Dr. Sheila Wobble never expected her latest experiment to involve pepperoni, extra cheese, and a side of confusion. But when the lab’s brand-new AI-powered robot assistant, LabBot 3000, started placing pizza orders instead of running crucial DNA sequencing tests, she knew it was time to call in the experts.
“I was running a time-sensitive experiment on gene splicing, and instead of pipetting reagents, LabBot 3000 suddenly requested a large margherita with mushrooms and olives,” Sheila explained. “At first, I thought maybe it was just trying to be funny. Then I noticed it had placed three more orders over the next hour—all different types of pizza.”
In a rare move for the usually hands-on scientist, Sheila put aside her lab coat and composed a helpdesk ticket detailing the strange behavior. The ticket, submitted under the priority level “Puzzling But Not Explosive,” read: “Robot assistant appears to have confused experimental protocols with a lunchtime order system. Immediate recalibration requested. Preference for cured meat toppings appreciated.”

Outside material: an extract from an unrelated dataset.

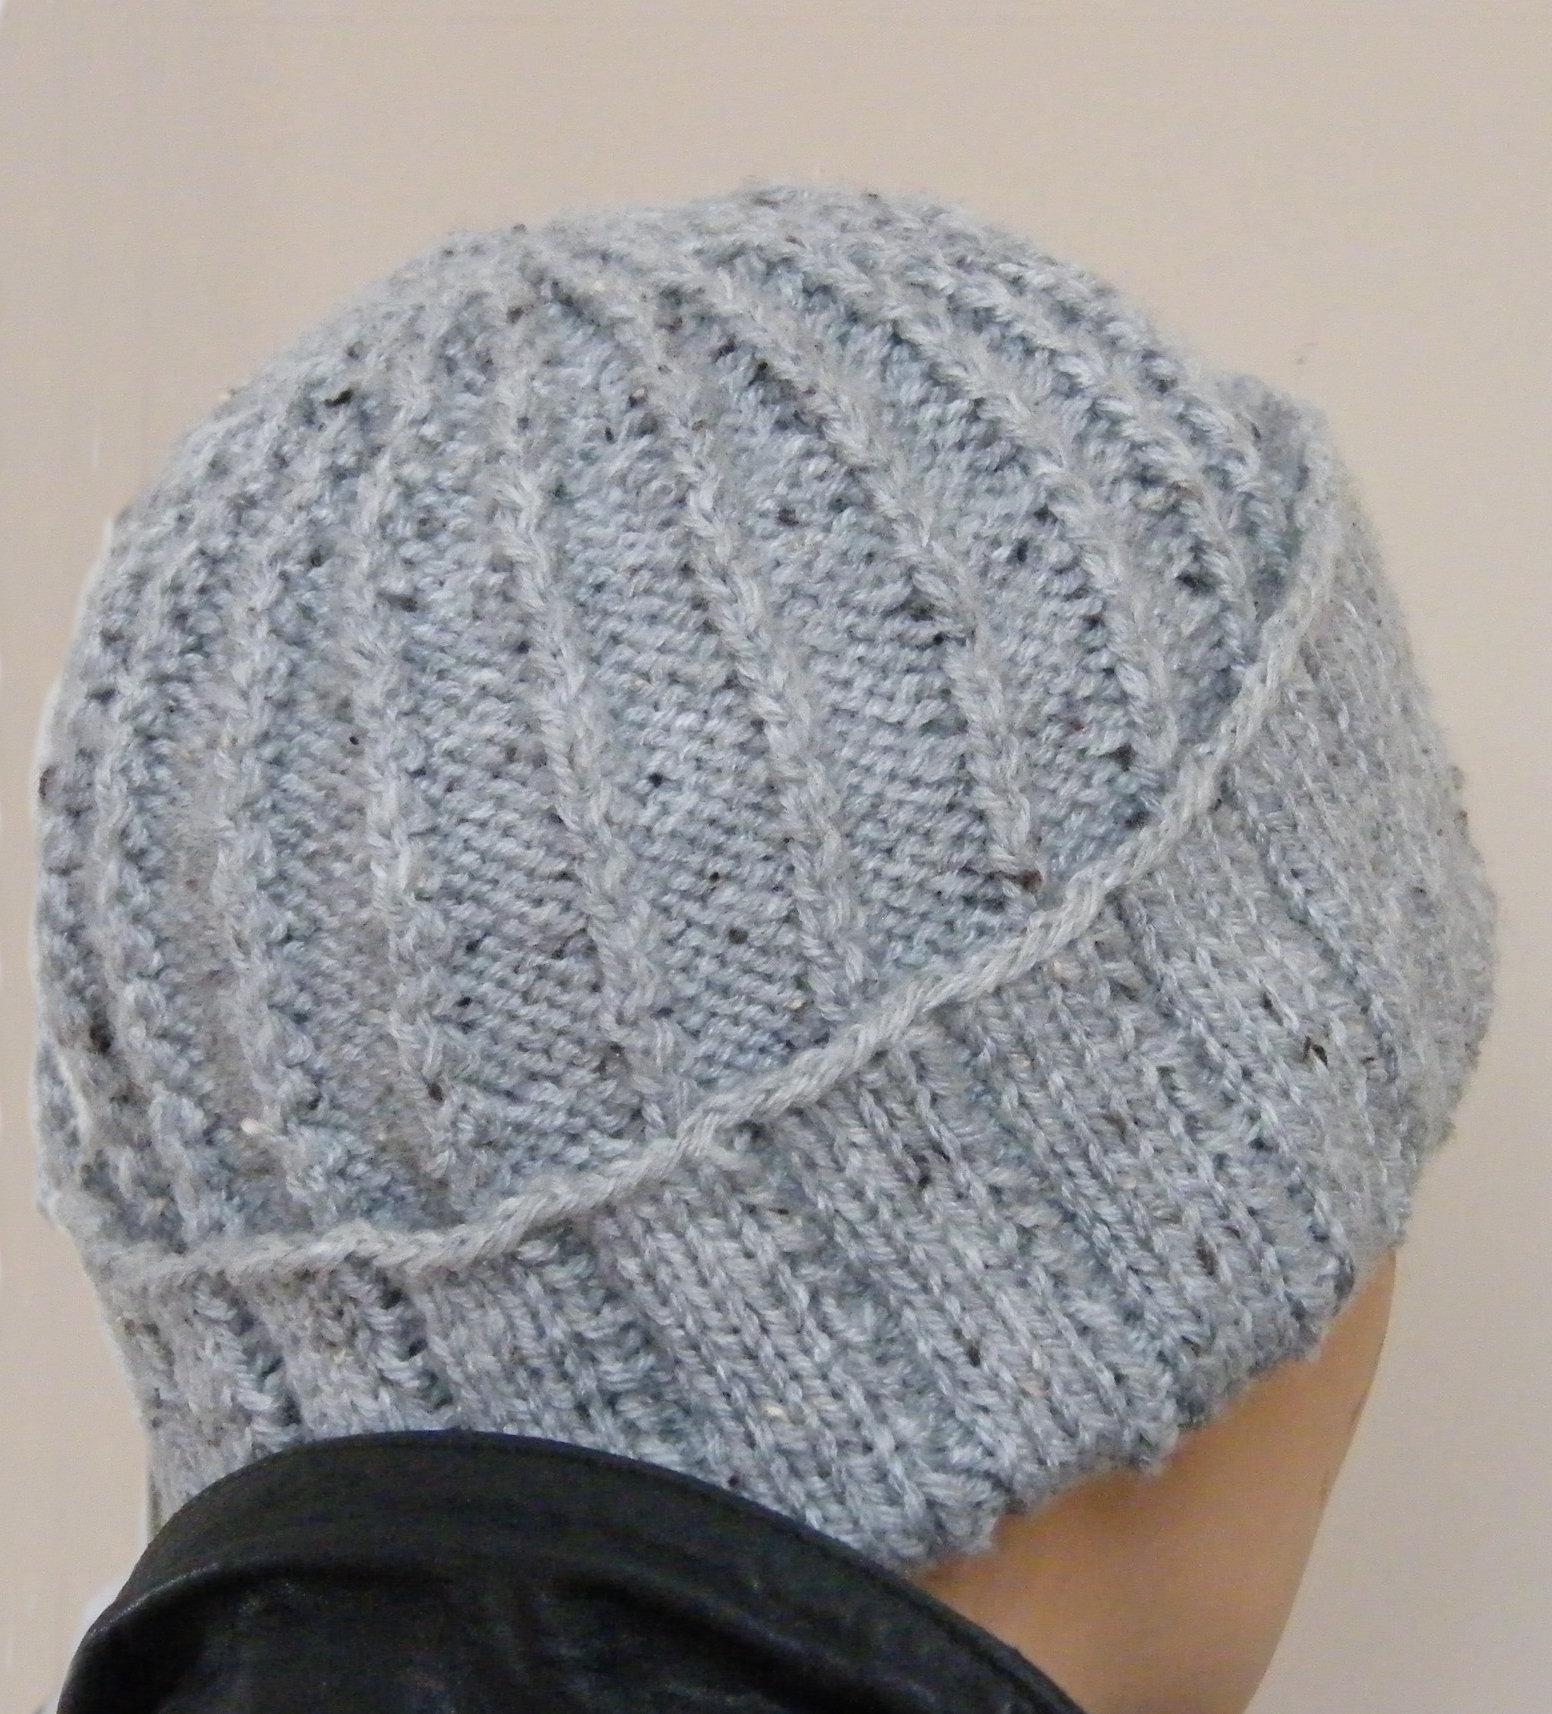 Knotted Rib Hat (Free Pattern) – Shifting Stitches
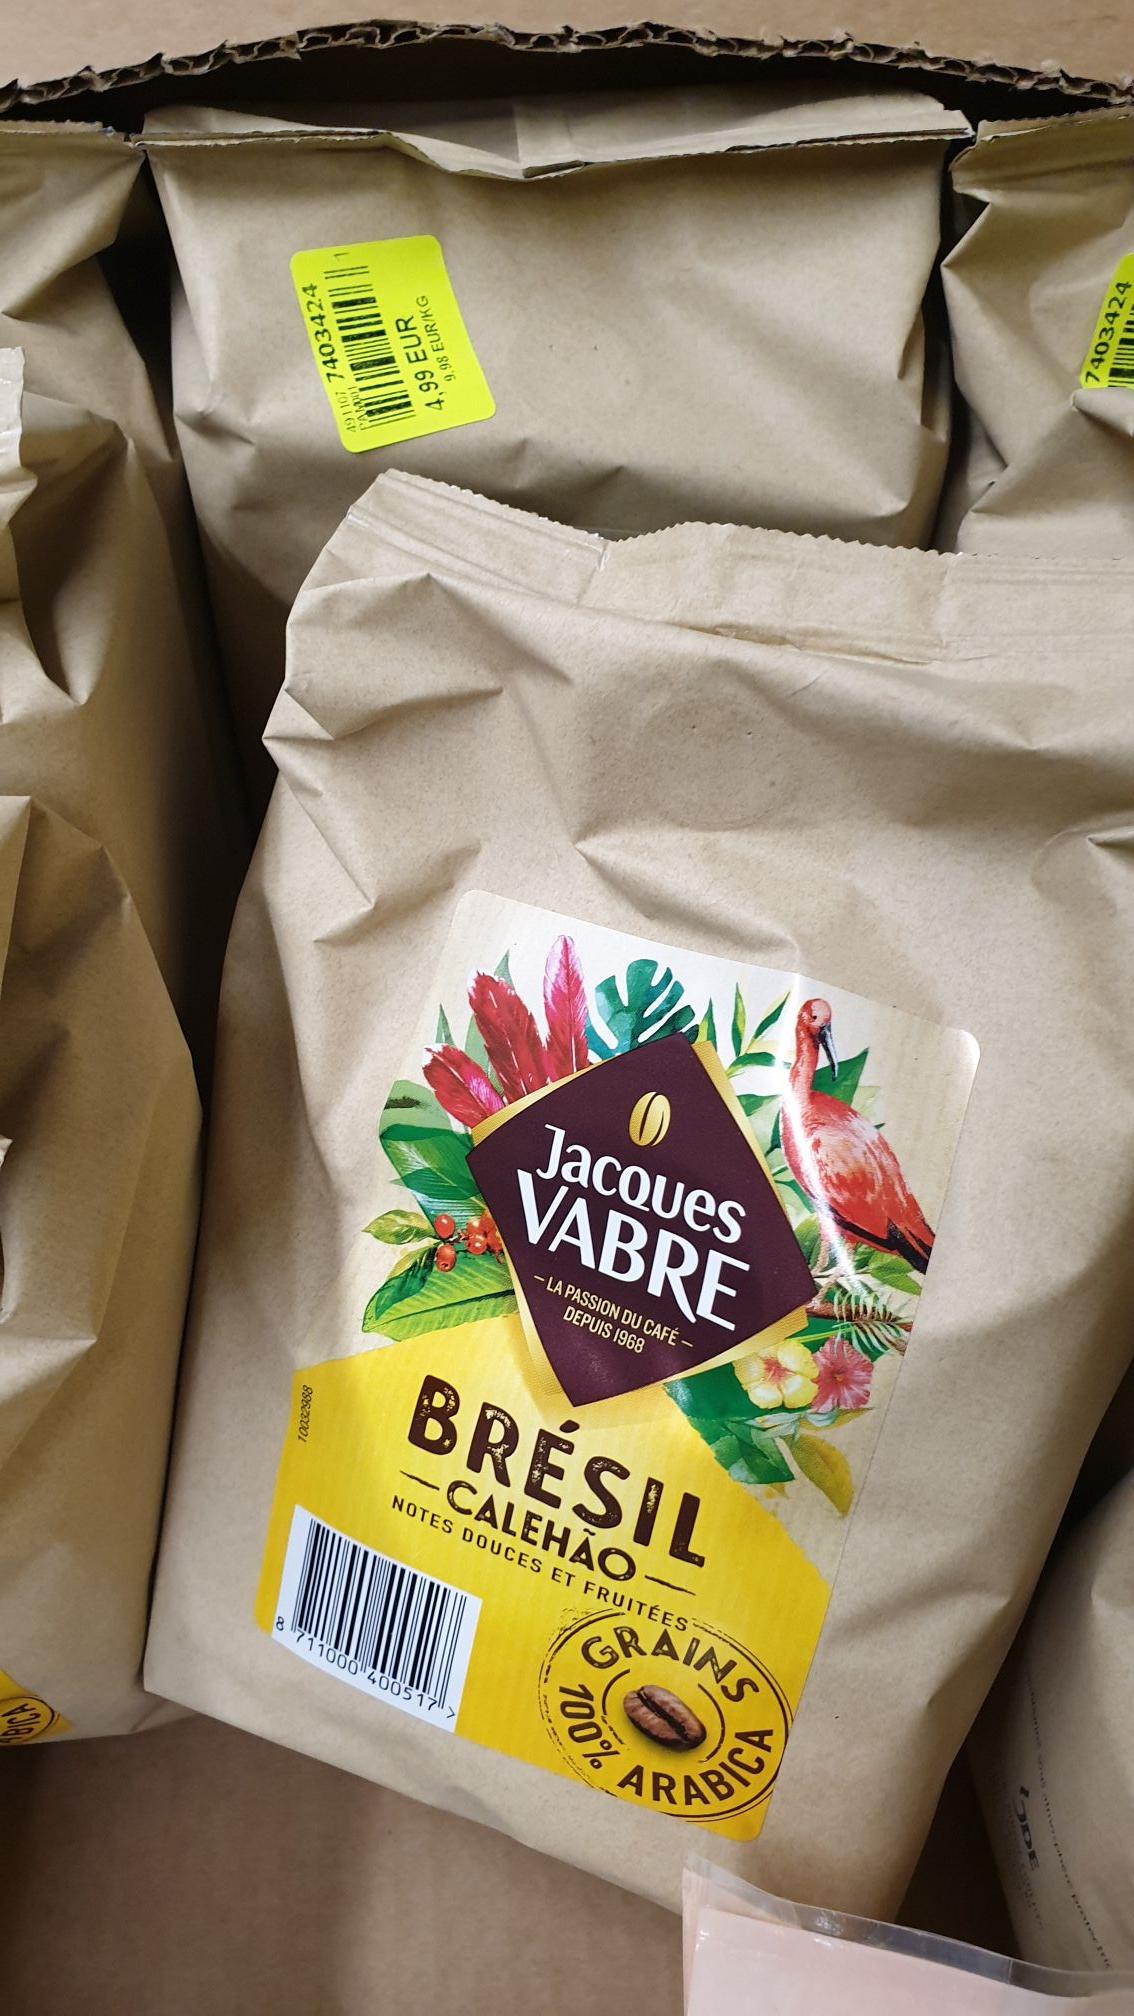 Café en grains Jacques Vabre Brésil Calehao (100% Arabica, 500g) - Évreux (27)

The IT helpdesk, known among science staff as “The Wizards of Whimsy,” replied promptly. Their initial diagnosis suggested that LabBot’s meal-delivery app had been accidentally integrated with its experimental control software during its latest firmware update. Further investigation revealed that a recent patch intended to optimize chemical synthesis timing had inadvertently linked the robot’s command modules to a local pizza delivery API.
“I told the helpdesk team that pizza is not an experimental reagent,” Sheila said. “Unless the next grant proposal involves growing cheese cultures, I don’t think there’s a future for pepperoni peptides.”
Lab management has since issued a memo reminding researchers to “please keep lunch orders and lab instructions in entirely separate systems,” and LabBot 3000 is reportedly back to its original programming, strictly adhering to lab protocols. Sheila, however, admits she still has a soft spot for the robot’s culinary enthusiasm.
“Maybe one day we’ll program it to order donuts for morale instead of pizzas,” she mused. “Though hopefully, it won’t start running insulin tests with sprinkles on top.”
For now, the only takeaway from this episode is this: if your lab robot starts craving pizza, it’s time to call IT—before your experiments go cold and your lunch gets eaten by your AI assistant.